31 gennaio 2013
L’album fu pubblicato nel 1970 e fu il secondo concept realizzato dal cantante genovese dopo Tutti morimmo a stento del 1968. Pubblicato nello stesso anno poco prima dell’album è il famosissimo brano Il pescatore che in un modo o nell’altro riprende i discorsi già iniziati in canzoni come Si chiamava Gesù e Spiritual e ci lega all’opera in analisi.
E’ un tipo di concept che racconta una storia, in questo caso la storia è narrata dal più grande bestseller della storia: la storia di Gesù di Nazareth.
La sua versione musicale però si rifà a una versione meno conosciuta: i vangeli apocrifi, in particolare trae spunto prevalentemente dal protovangelo di Giacomo. “Apocrifo” significa letteralmente nascosto, spesso tuttavia con questo termine si intende “falso”. Gli Apocrifi si oppongono ai canonici: i quattro presenti nel nuovo testamento e attribuiti ai quattro evangelisti.
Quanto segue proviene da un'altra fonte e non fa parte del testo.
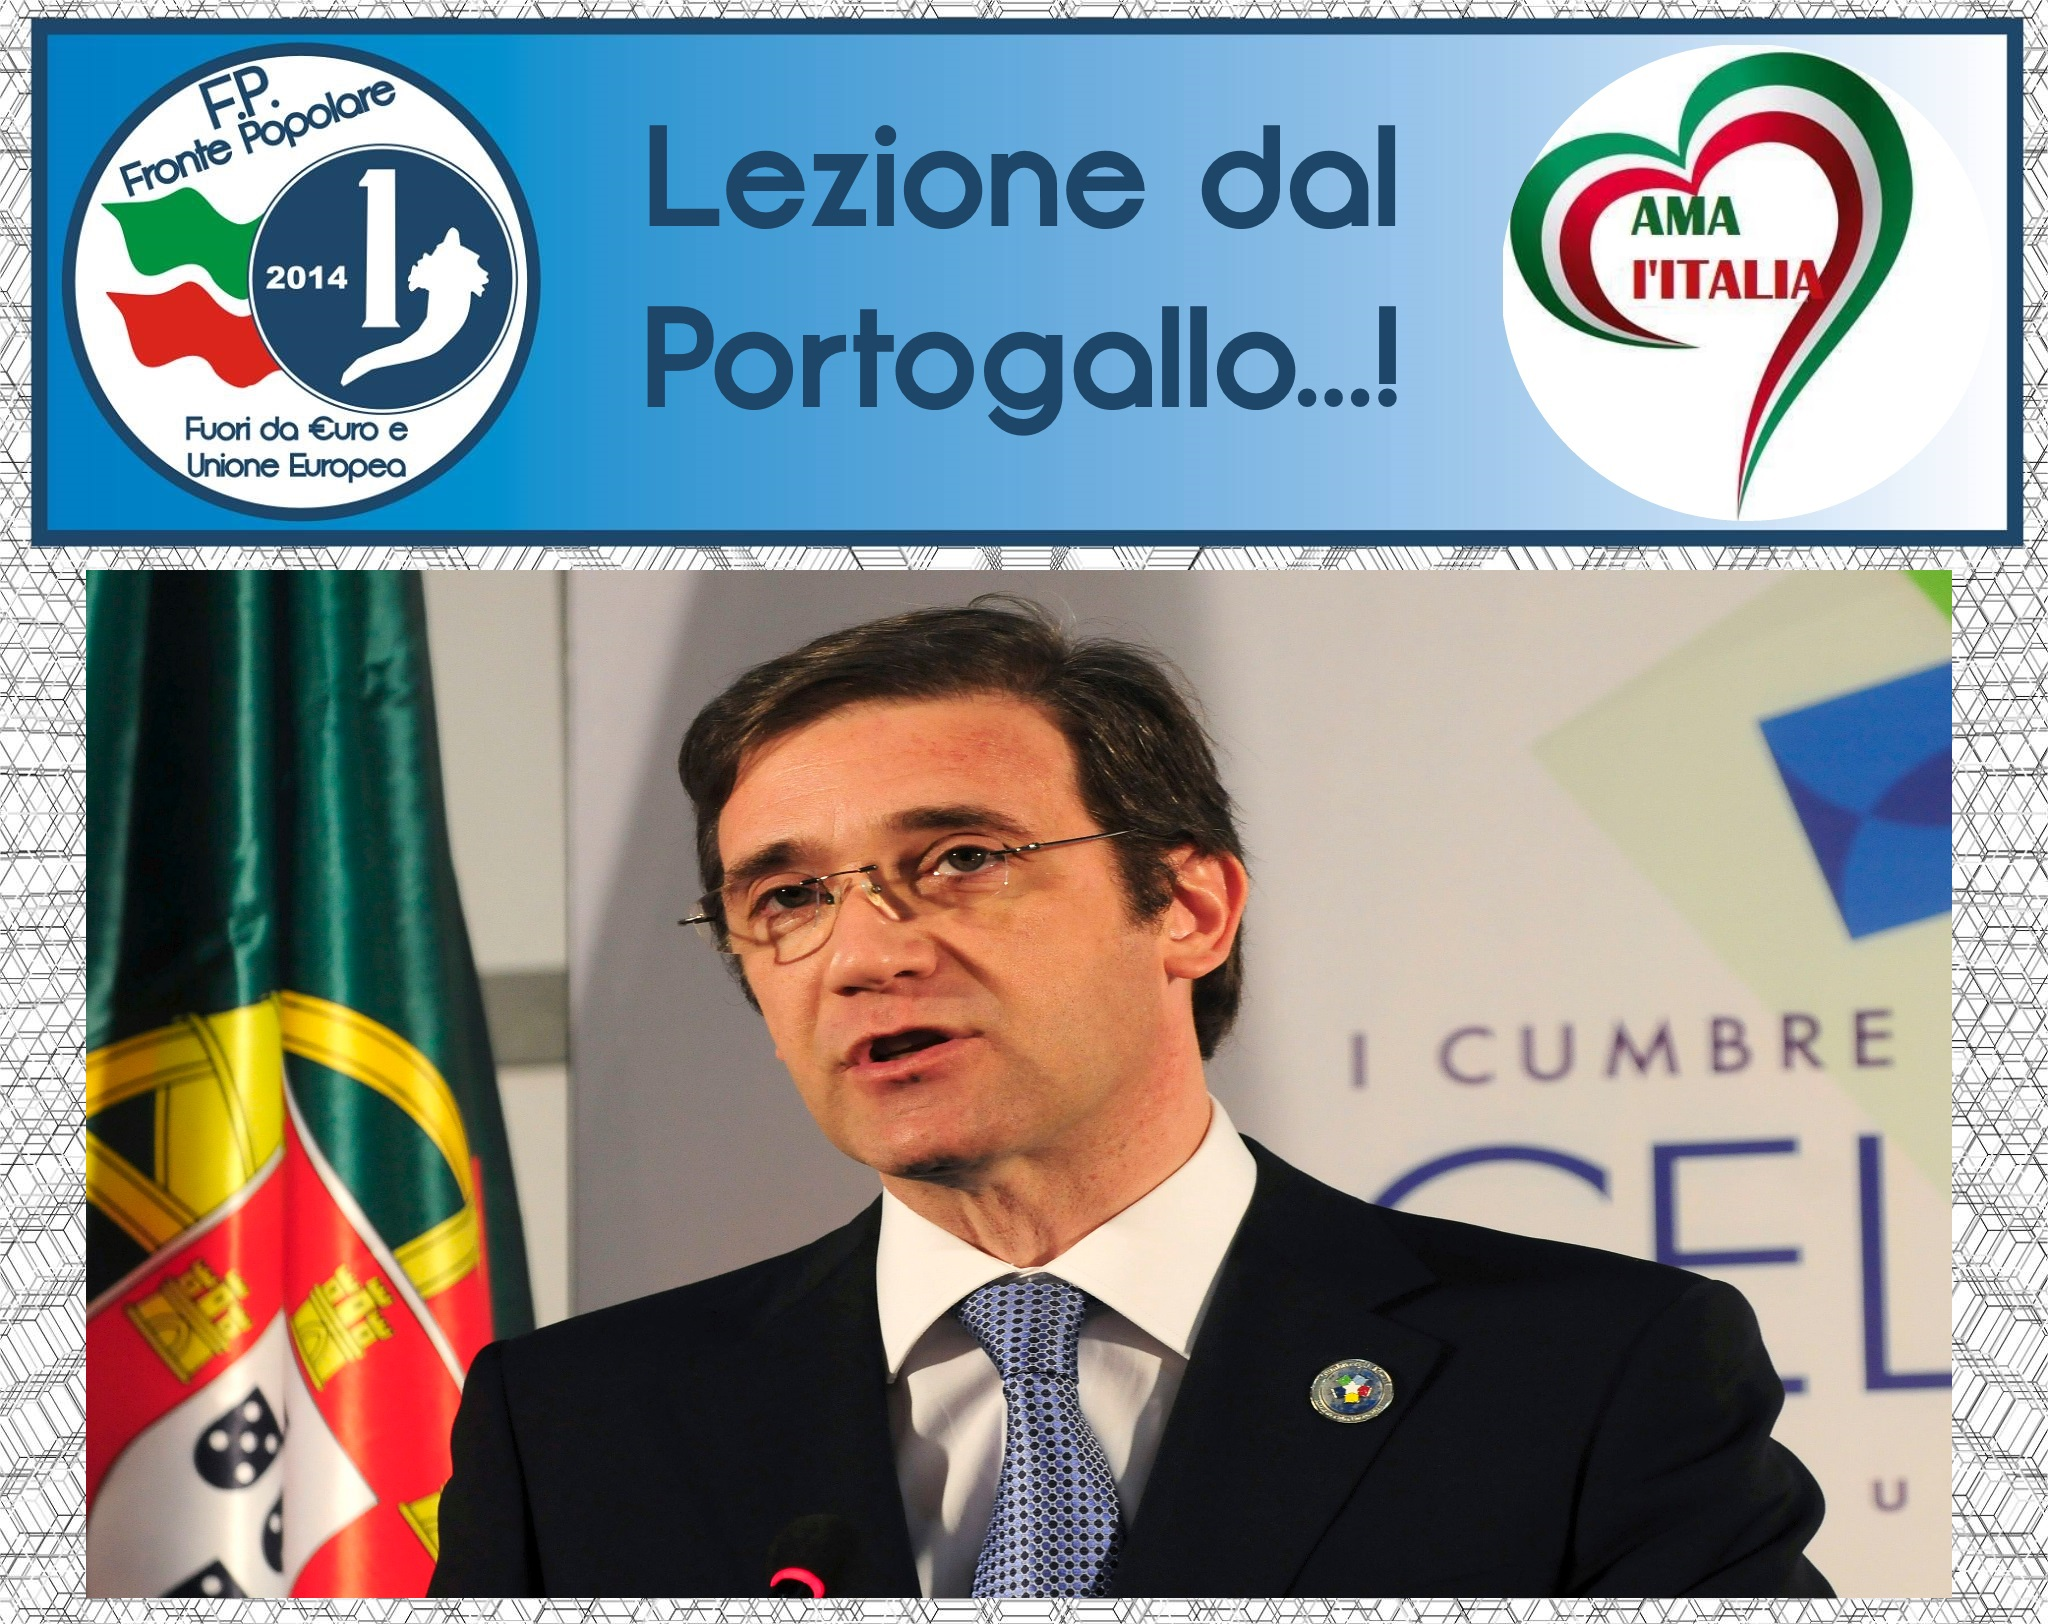 elezioni portoghesi_fronte popolare

Nonostante l’atteggiamento della Chiesa risulta spesso derisorio nei confronti di questi vangeli, molte tradizioni relative ai nomi dei re Magi, dei ladroni alla destra e alla sinistra di Gesù, e a quelli dei genitori di Maria vengono proprio da lì!
Ciò che probabilmente si nasconde dietro questo atteggiamento è il modo in cui questi vangeli trattano la figura di Cristo. Poiché questo modo di vedere coincide con quello di de Andrè, non c’è da meravigliarsi se nel raccontare la sua versione si basi proprio su questi vangeli.
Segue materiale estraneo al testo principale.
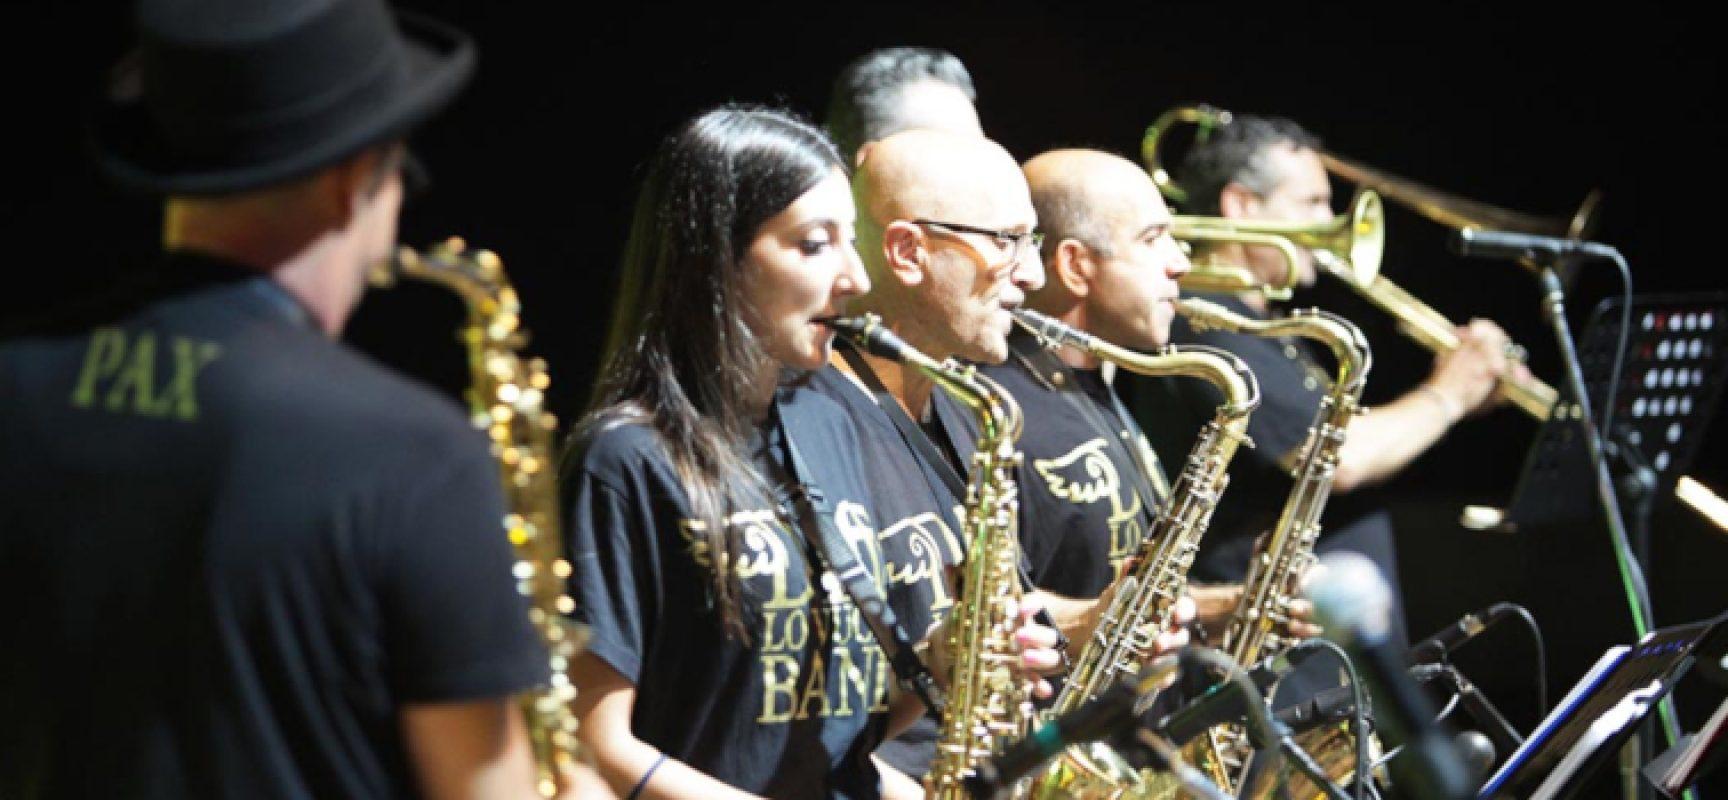 """""""Dio lo vuole band"""", concerto live organizzato dall'Opera Don Uva"""

Potremmo sintetizzare brevemente questa disputa con: umanità e divinità di Gesù, dove se gli apocrifi si spostano verso la prima, i canonici puntano alla seconda. Questo concetto si può dire che fa da cornice all’intero album: la prima traccia, Laudate dominum, si apre in maniera solenne con i suoi organi che danno l’impressione di quella religiosità severa e rigida. Lo stesso coro che ripete le stesse due parole latine fino a farle sfumare crea un effetto straniante.
In un modo o nell’altro è come se de Andrè partisse dalla visione comune della solita storia per poi cominciare la sua; una volta finite di raccontare le vicende, il disco si chiude con la traccia conclusiva che si apre come la prima dell’album, ma prosegue spiegando la visione del cantautore.
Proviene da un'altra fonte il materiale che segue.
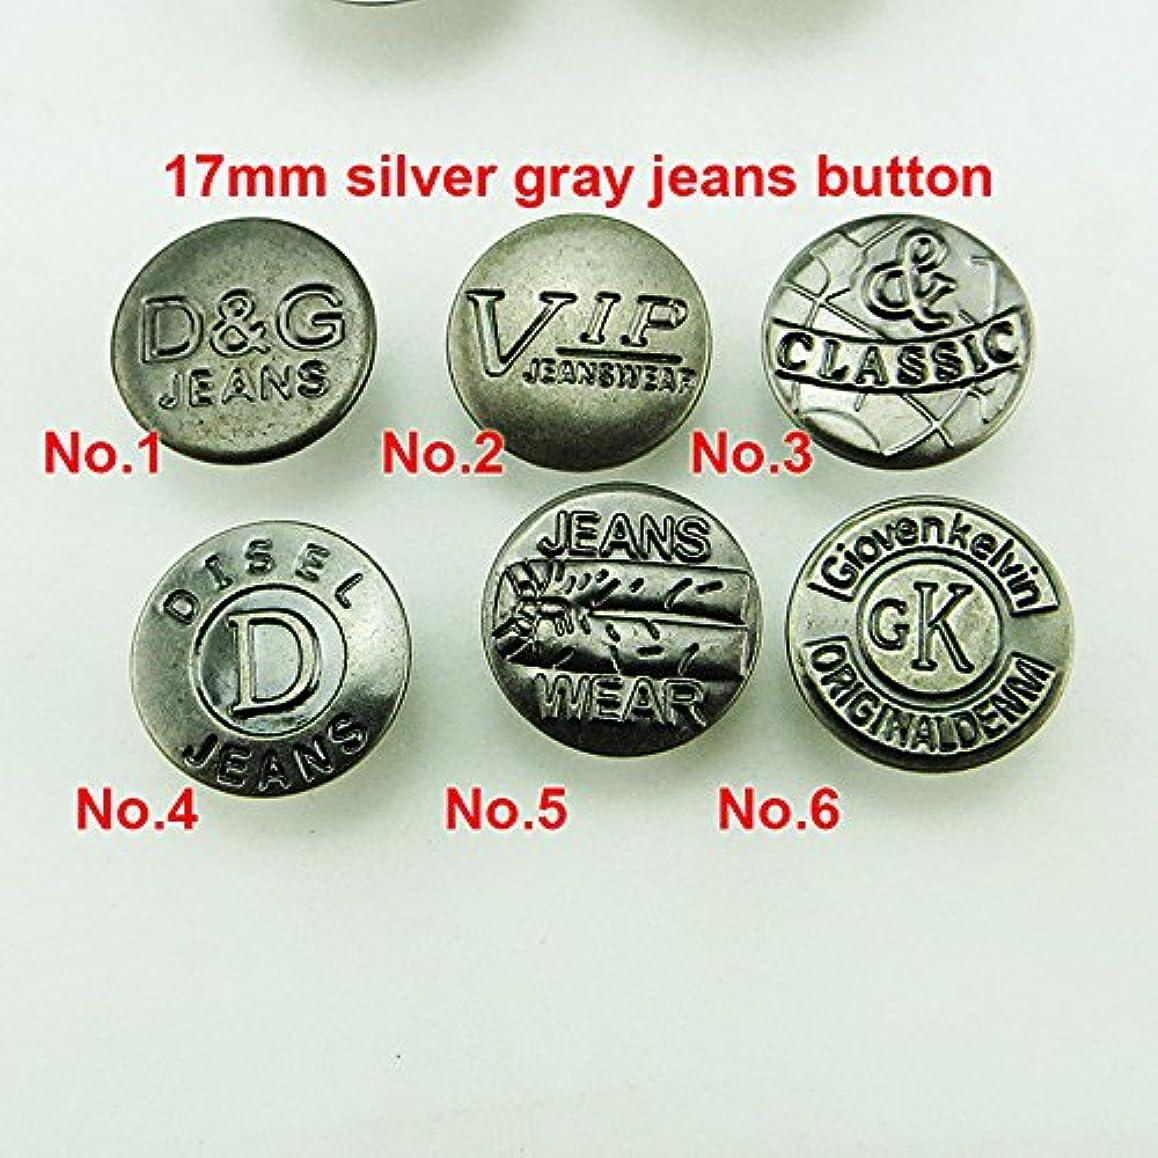 休眠空の事実Propenary - 50PCS 17MMの手紙シルバーグレーの服ジーンズの金属ボタンJEANS BUTTON

All’interno di questa cornice si struttura l’intero album.
Una caratteristica ricorrente in tutto l’album è il punto di vista: il protagonista della storia non è mai nominato, inoltre lo si osserva sempre dagli occhi di altri personaggi. Ciononostante è presente in quasi tutte le canzoni.
La Buona Novella può essere considerata nelle sue due metà in cui in passato gli lp si presentavano.
Cominciamo con il lato A.
Il lato A ha come tematica la nascita. La prima canzone dopo quella d’introduzione è L’infanzia di Maria.
Vestita e donata ai sacerdoti del tempio dai genitori ( primo abbandono), comincia il suo si remissivo a Dio e quindi la sua totale obbedienza.Un Dio che non la lascerà mai sola (l’angelo che le “racconta le ore”).
Ma quando diventerà sessualmente matura sarà nuovamente abbandonata (seconda volta) questa volta dai sacerdoti ,tirando a sorte per trovarle marito.
Affidata a Giuseppe viene abbandonata per la terza volta per motivi di lavoro.
Molti sono i temi che si potrebbero approfondire… sicuramente l’abbandono inteso sotto vari punti di vista (abbandonarsi e essere abbandonati) è uno di questi, e di conseguenza la fede e l’obbedienza.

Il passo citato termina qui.